Photo of the front of the building that houses the U.S. Supreme Court, with an inscription above th doorway that reads "equal justice under the law."

The following opinion piece appears in the Milwaukee Journal Sentinel

 

Our system of justice rests upon two pillars: equal treatment and independent judgment.  Every person who appears before our state courts expects to be treated equally to every other litigant.  In addition, every party to a lawsuit expects to have his case heard by a judge who is free to exercise their own independent judgment.  Recently, the state legislature in Madison and Governor Walker approved legislation – a $3 billion package luring Foxconn Technology Group to build a flat-screen TV factory in Racine County — that seriously undermines these two fundamental principles.

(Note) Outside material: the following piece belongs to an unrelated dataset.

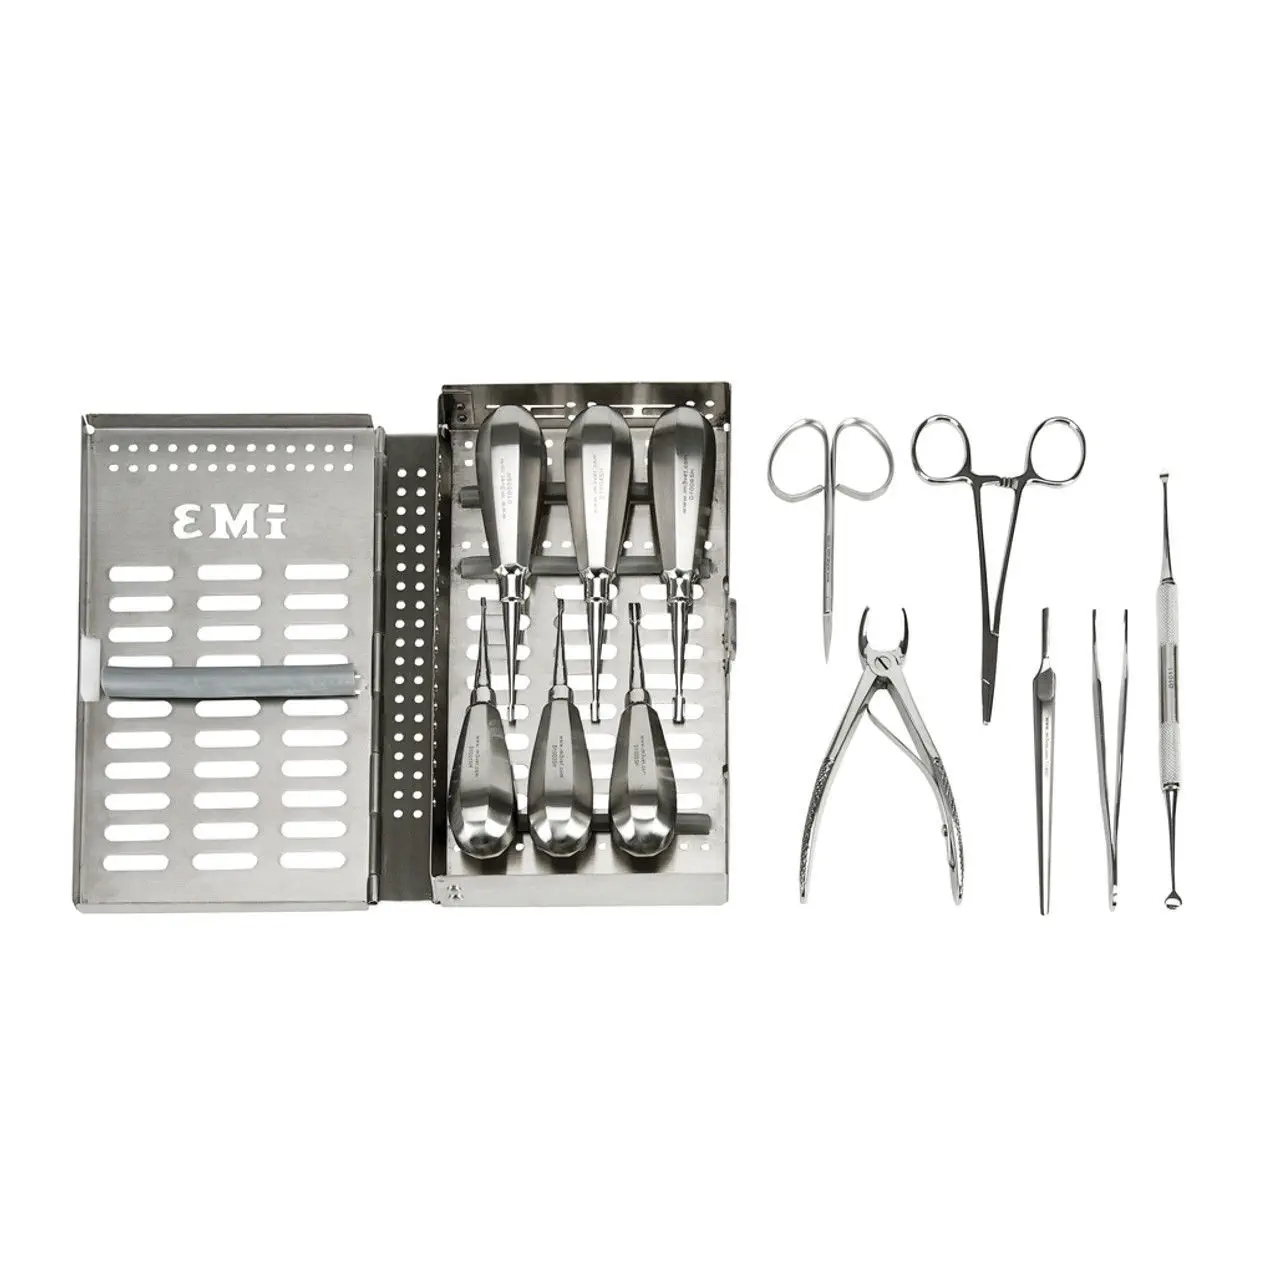 ชุดเครื่องมือถอนฟันสำหรับสัตว์ Dental extraction veterinary instrument kit D4000  iM3

The principle of equal treatment commands that the same rules should apply to all parties appearing before the court.  No one should receive special status.  It is true that the two sides in a case might not be evenly matched, and that one might have more financial resources or a more skilled legal team.  But, even then, both parties in the case should be subject to the same set of laws and procedures, and have the same opportunity to argue that the law supports their claim.

The Foxconn legislation creates special treatment for Foxconn whenever that corporation is sued in Wisconsin courts.  The law forces the Wisconsin Supreme Court to directly take appeals involving “Electronics and Information Technology Manufacturing Zones” (EITM) from the circuit courts. By law there is only one such zone, and that zone is home to Foxconn. Typically, the high court would hear appeals at their discretion, and then only after the case was heard by an intermediate court.  The reason for placing cases involving Foxconn on a “fast-track” to the Wisconsin Supreme Court should be obvious.  That Court currently boasts a majority of Justices who were elected with the financial support of Wisconsin’s largest trade and manufacturing lobbyists.  The drafters of the legislation expect these Justices to be sympathetic to the concerns of manufacturers like Foxconn.

We expect our state court judges to be free to exercise their independent judgment when deciding the merits of a case.  It is the trial judge that hears the facts and the evidence, and who determines the appropriate remedy should the plaintiff prevail.  It is not the state legislature’s job to decide which party in a case should win, or what remedy should be imposed in an individual case.